Качалов дебютировал в Художественном театре в 1900 году. Было устроено нечто вроде закрытого дебюта, причем Качалов играл Бориса Годунова[219] и затем Грозного[220]. Сыграл он обе роли, по его словам, «неудачно, бестолково, растерянно». «Я играл, — рассказывает он, — точно среди иностранных актеров. Я понял, что попал в какую-то совсем иную сценическую среду. {232} Играть по-старому, как я играл раньше, было стыдно, играть по-новому я не умел». К. С. Станиславский сказал: «Но вам предстоит ужасная работа над самим собой. Вы до такой степени испорчены провинцией, так не в тоне с нами, что мы не можем рискнуть выпустить вас в сколько-нибудь ответственной роли».
Качалову дали дублировать какую-то второстепенную роль, причем заниматься с Качаловым поручили режиссеру А. А. Санину[221], который после нескольких репетиций пришел к заключению, что заниматься не стоит, ибо толку все равно не будет никакого. Качалова даже перестали вызывать на репетиции. Тогда он решил ходить сам на чужие репетиции, напряженно следя за работой. «Он хотел постичь тайну, разгадать пленившие (пленительные?) загадки», — пишет не без восточной пышности биограф Качалова Н. Е. Эфрос. И что же? Оказалось, что проникнуть в «тайну» «пленительных загадок» Качалову удалось очень скоро.

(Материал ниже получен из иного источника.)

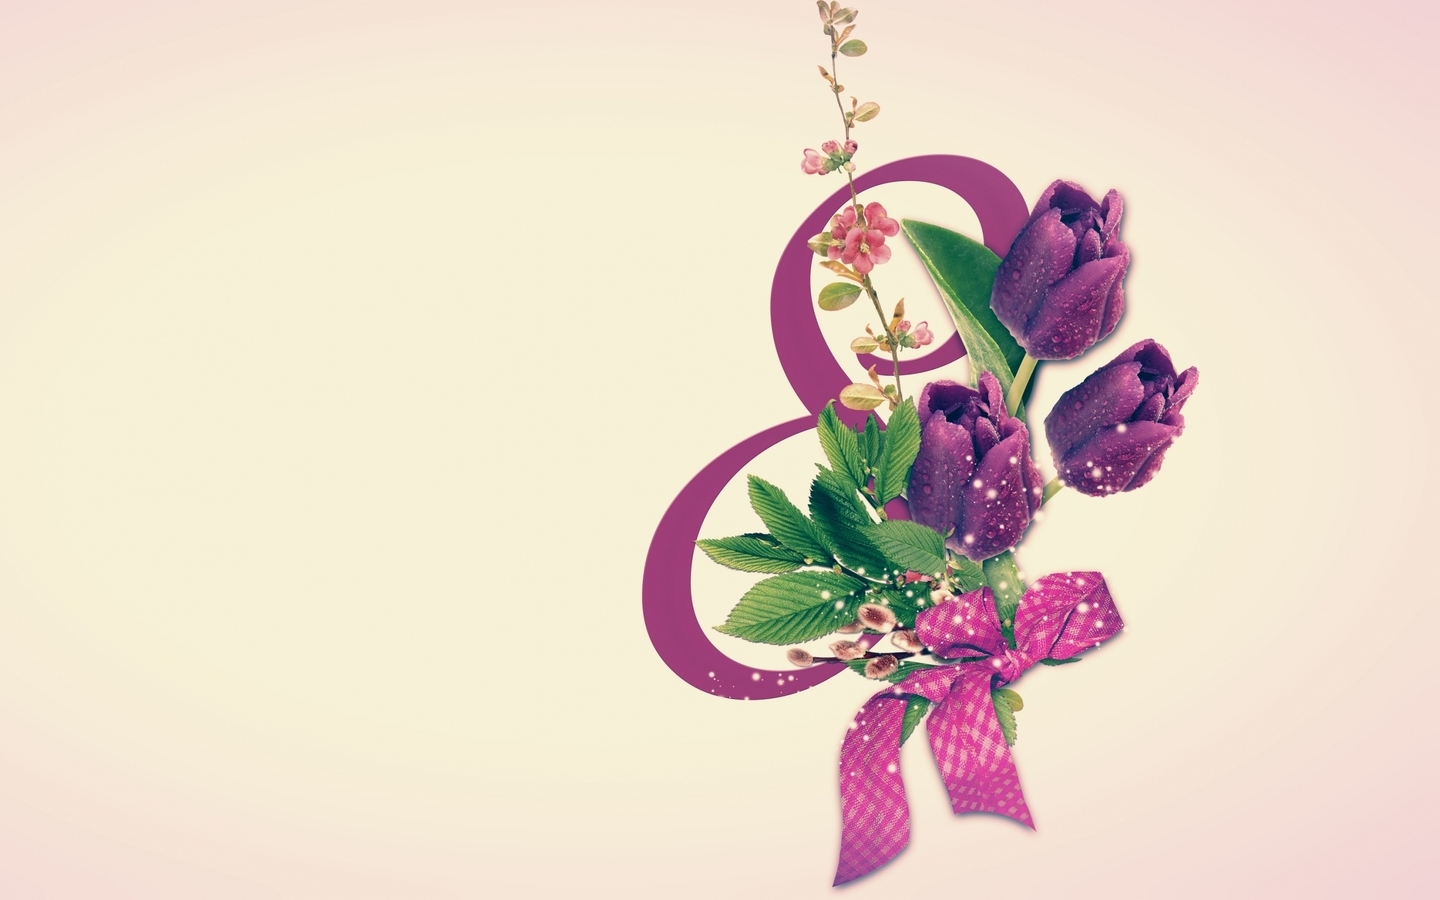 Картинка: 8 Марта, весна, цветы, тюльпаны, бантик, международный женский день, открытка

После того как в роли Берендея («Снегурочка»[222]) перепробовали нескольких актеров, вспомнили про Качалова, которому будто бы предстояло «ужасно много работы», и он сразу оказался прекрасным Берендеем. «Вы все у нас взяли, все поняли. Это поразительно», — восторгался Станиславский. Но, в сущности, здесь не было ничего поразительного и необыкновенного. То, что показалось сначала безнадежностью, было поверхностным налетом провинциальной актерщины: его стоило только стряхнуть или тщательно провести по нем губкой. Затем под этим верхним и не успевшим въесться слоем провинциализма оказался чистопробный талант и чистокровный интеллигент, которому ничего не стоило осилить тайну аналитической работы, принятой в Художественном театре. Но главное — Качалову дали играть {233} то, что он должен был играть, — не Грозных, для которых он мягок и малодействен, не Годуновых, для которых ему не хватало сосредоточенной энергии и фиксации волевых устремлений на одной точке, как у всех честолюбцев, а очаровательно пантеистического Берендея, приемлющего жизнь, красоту, природу с благостной улыбкой ничему не удивляющегося мудреца.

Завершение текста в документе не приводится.